In an alternative embodiment, the heating coating is formed as a continuous (in particular unstructured and/or uninterrupted) layer. The heating coating may generally have at least one section within which, in two mutually perpendicular directions, there are no interruptions in the heating coating over a distance of at least 1 cm, preferably at least 2 cm, even more preferably at least 4 cm. For example, the heating coating may comprise at least one rectangular section with a length and a width of in each case at least 1 cm, preferably at least 2 cm, even more preferably at least 4 cm, within which there are no interruptions or possible other structures in the heating coating. An “interruption” within the heating coating is to be understood to mean a section through which no current can flow, for example because said section remains (entirely) free from material and/or is (at least partially) filled by an insulator. The heating coating may be (thermally) sprayed on (regardless of whether it is unstructured or structured in the final state). In this context, it has surprisingly been found that even a heating coating of such simple form can realize adequate warming of the oil.

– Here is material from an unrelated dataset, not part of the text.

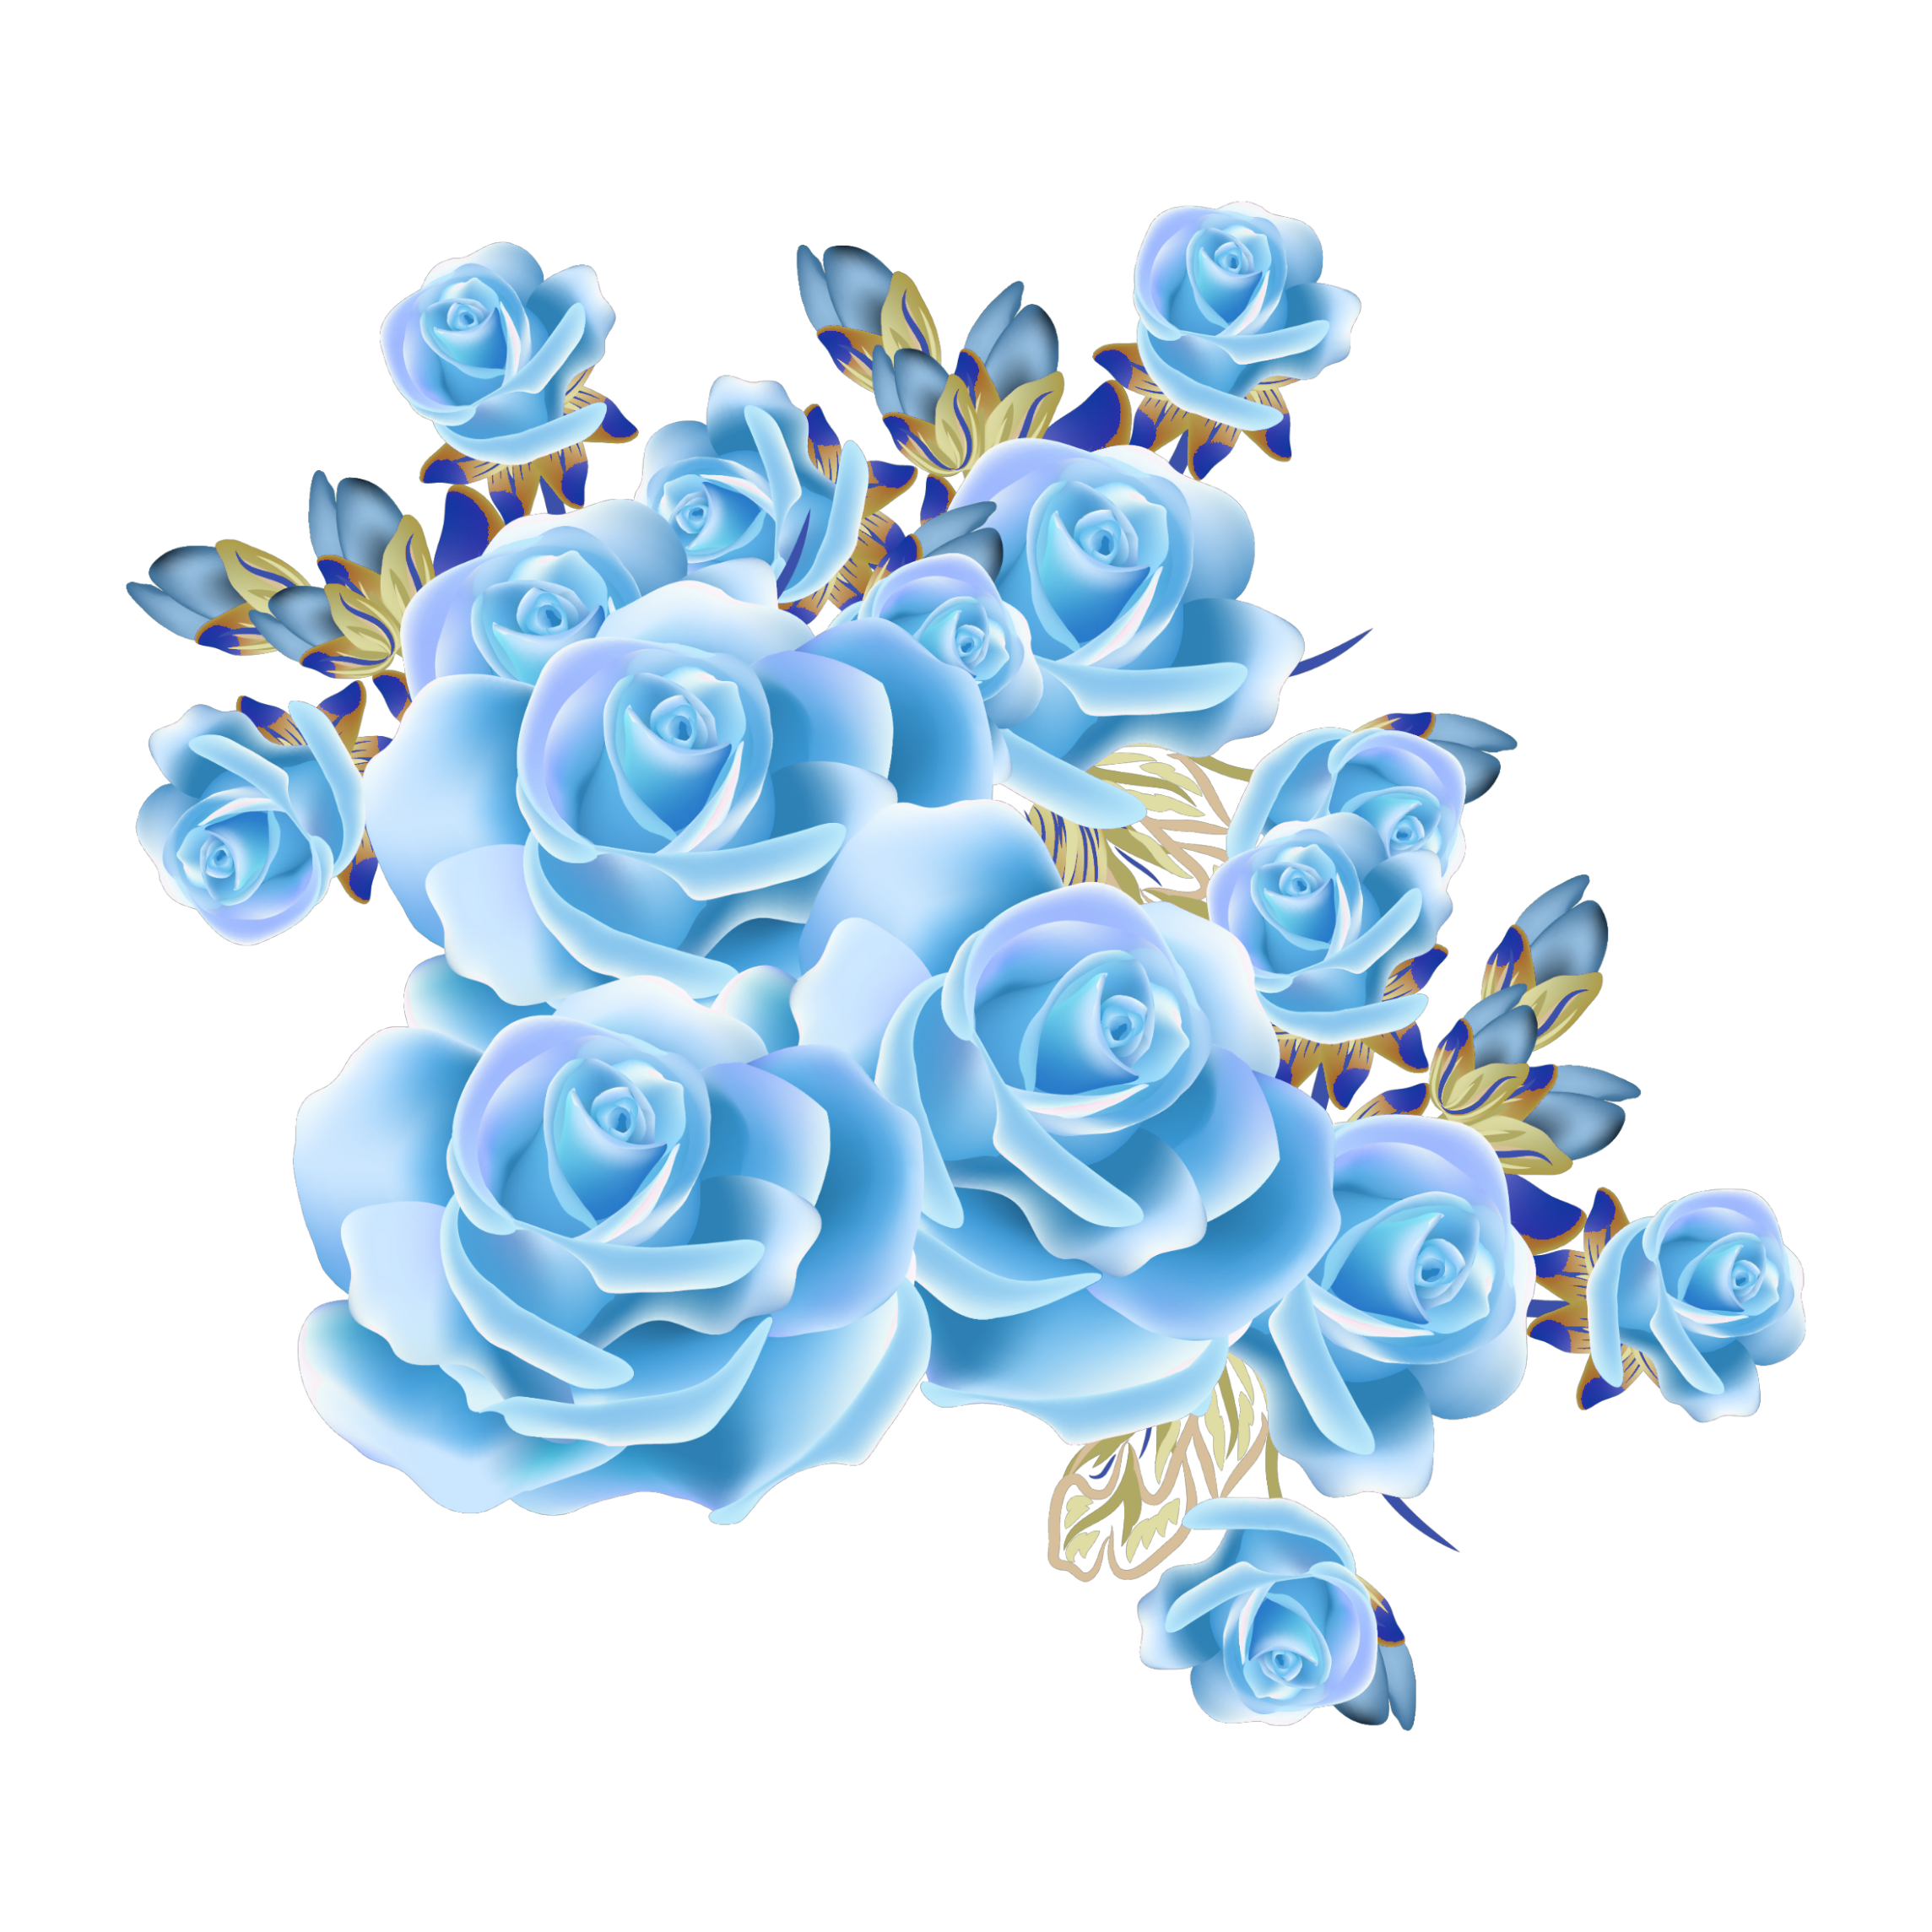 mq blue rose roses flowers flower...

In a further alternative embodiment, the heating coating is formed as a structured layer. The heating coating is in this case preferably structured by means of a masking process (preferably using silicone, which can be stamped). Such known masking processes permit satisfactory structuring and are less cumbersome than, for example, laser methods tor structuring, which are used specifically in the high-voltage range. Altogether, therefore, the advantages of a masking process are utilized in a synergistic manner with regard to the present heating coating.
The above-described insulating layer may have a thickness of at least 50 μm, preferably at least 200 μm and/or at most 1000 μm, preferably at most 500 μm.
The heating coating preferably has a height (thickness) of at least 5 μm, preferably at least 10 μm and/or at most 1 mm, preferably at most 500 μm, even more preferably at most 30 μm, even more preferably at most 20 μm. A conductor track defined by the heating coating may be at least 1 mm, preferably at least 3 mm, even more preferably at least 5 mm, even more preferably at least 10 mm, even more preferably at least 30 mm wide. The expression “width” is to be understood to mean the extent of the conductor track perpendicular to its longitudinal extent (which normally also defines the direction of the current flow).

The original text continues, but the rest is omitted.